Historically, during times of national emergency, Americans unite to meet the challenge. In 2005, Hurricane Katrina altered the lives of thousands of Americans throughout Louisiana and Mississippi, damaging cities that have not been the same since. But, no matter our differences, we as a country have always come together in the face of tragedy. Now, it is time we act in unison once more.

Since August 25, the city of Houston along with Harris and Fort Bend counties have felt the effects of Hurricane Harvey. The unprecedented storm dumped an estimated 11 trillion gallons of water on just Houston alone. First responders, emergency personnel and the U.S. National and Coast Guards along with hundreds of volunteers, were on the frontlines of the battle ensuring all those affected by Harvey were safe and dry.
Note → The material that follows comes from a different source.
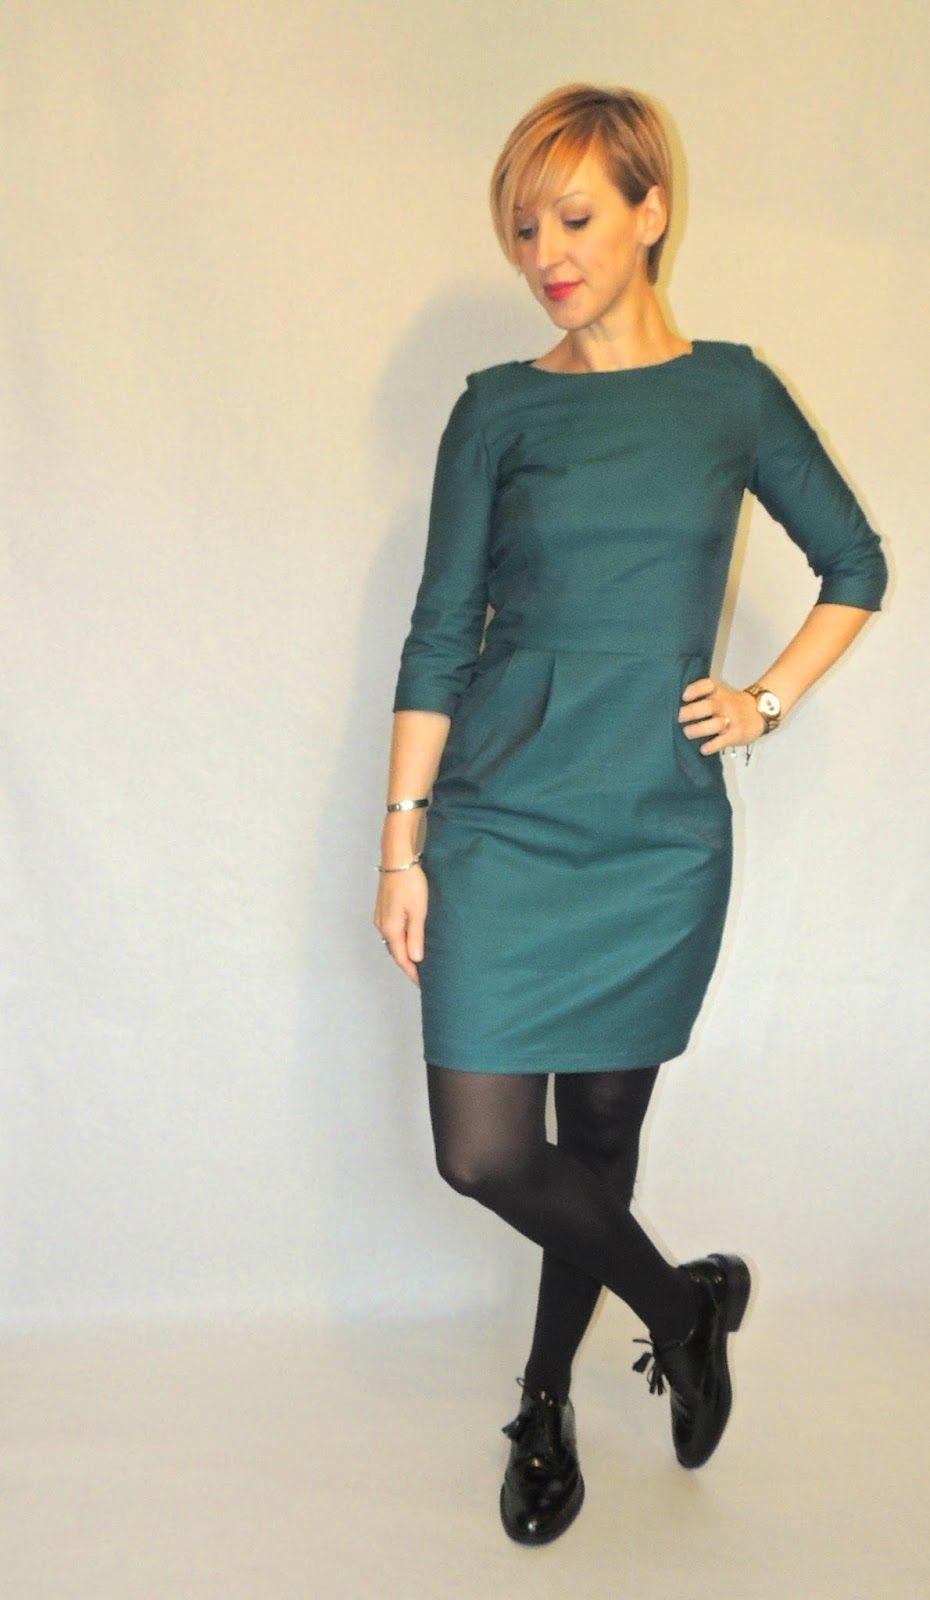 6d1607f55609 Robe Lora  2 Conseils couture   Report des pinces sur le tissu avec du  calque et roulette
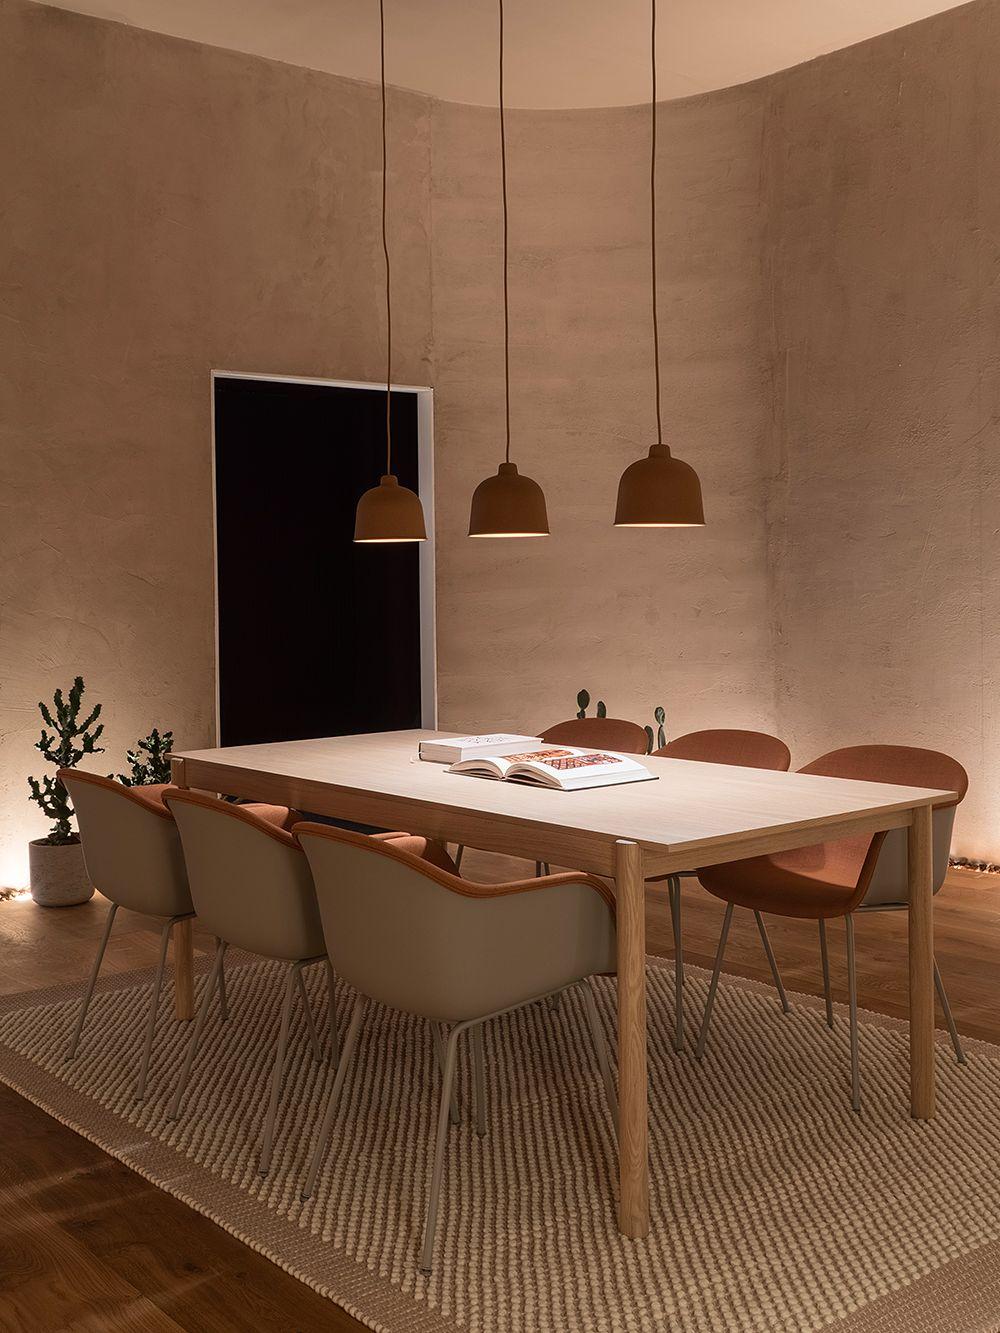 Espacio de comedor diseñado para el bienestar por Google en colaboración con Muuto, #InteriorDesignTrends @Utrillanais

As the natural disaster travels towards Louisiana and Mississippi, we ask for our great country to continue to stand with one another by volunteering, sending donations, and praying that for strength, hope and perseverance to weather this storm.

Hundreds of people of color have been affected by the storm already. If anyone would like to lend a helping hand to the relief effort through donations, we are asking you give to local organizations that focus on people of color such as: The Black Women’s Defense League, Raices, ICNA Relief, BlackAmericaWeb.com Relief Fund or the South Texas Human Rights Center. Any contribution will be greatly received as we ask Congress and President Donald Trump to provide immediate emergency funding and resources to deal with the crisis at hand. We believe at least $150 billion will be needed just to aid Texas residents in reconstruction, with much more needed later as the storm continues to travel the Gulf Coast.

In addition, Southeast Texas needs funding for storm surge protection research, just as New York and New Jersey received following the devastation of Hurricane Sandy.

Congress should pass an aid package not only to help the people of Texas, but to also provide an assurance to the American people that their government will be there for them in a time of crisis. This legislative package should not be weighed down in political rhetoric and partisanship. Instead, it should be aimed at helping as many people affected by Harvey as possible.

It is essential for the U.S. Army Corp of Engineers to conduct a full and complete assessment of the entire Gulf Coast region’s infrastructure capabilities when it comes to flooding. Time and time again, we have seen our region suffer from hurricanes, and we must take steps to prevent another city from struggling to rebuild.

Americans from around the country have offered themselves in service to help their fellow citizens. Now, we as Members of Congress must do the same. The best way for us to do so is with a comprehensive emergency funding package. Volunteers, first responders and so many others have stepped up to the plate, now it is up to us to hit the ball out of the park.

When Congress goes back into session, let’s pass this package without unnecessary political debates. The people of the Gulf Coast are depending on us.

Rep. Bennie G. Thompson (D-Miss.), Rep. Sheila Jackson Lee (D-Texas) and Rep. Al Green (D-Texas) represent Gulf Coast residents. They are all members of the Congressional Black Caucus.